Spin Index Determination of the Hawkeye Spacecraft

Abstract

We have developed a method to despin data from the Hawkeye spacecraft (1974-1978) that involves analyzing the variation of solar array voltage with sun phase angle. This new method is needed because the optical aspect system on the Hawkeye spacecraft failed four months into its mission, after which the spacecraft spin index could be determined only for limited periods using two other methods. Adding our new solar array technique nearly doubles the available data. The Hawkeye mission was designed to study high-latitude, high-altitude magnetosphere (exterior cusp, surrounding magnetopause and boundary layers, the polar cap, and Auroral field lines). The scientific payload was designed to measure the in situ plasma, magnetic, and electric fields.
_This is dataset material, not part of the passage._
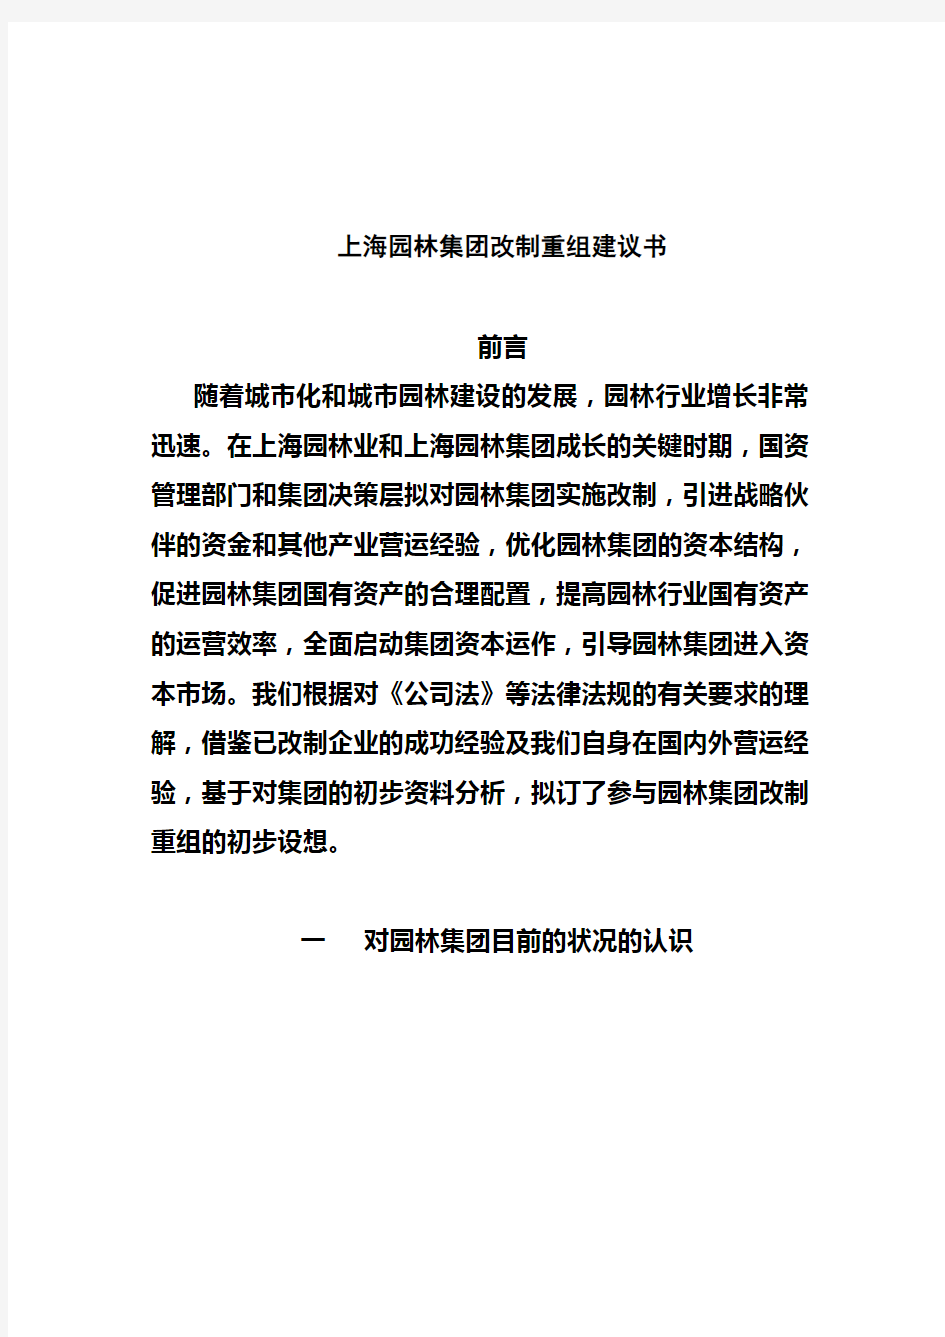 上海园林集团改制重组建议书(doc 13页)

Besides Hawkeye, only the Highly Eccentric Orbiting Satellite-2 (HEOS-2) systematically explored this region of the Earth's geospace. Determining the spin index for the rest of the data, and subsequently despinning these data and representing them in a geophysically meaningful coordinate system, is still important due to the uniqueness of Hawkeye's orbit. The solar array method presented is based on searching parameter space for the solution that results in the best self-organization in spin index of the solar array voltage measurements. The spin index computed using this method is compared against the spin index determined from other methods. The resulting despun magnetic field data are compared with magnetic field models and with in situ magnetic field measurements in the solar wind made by the IMP-8 spacecraft.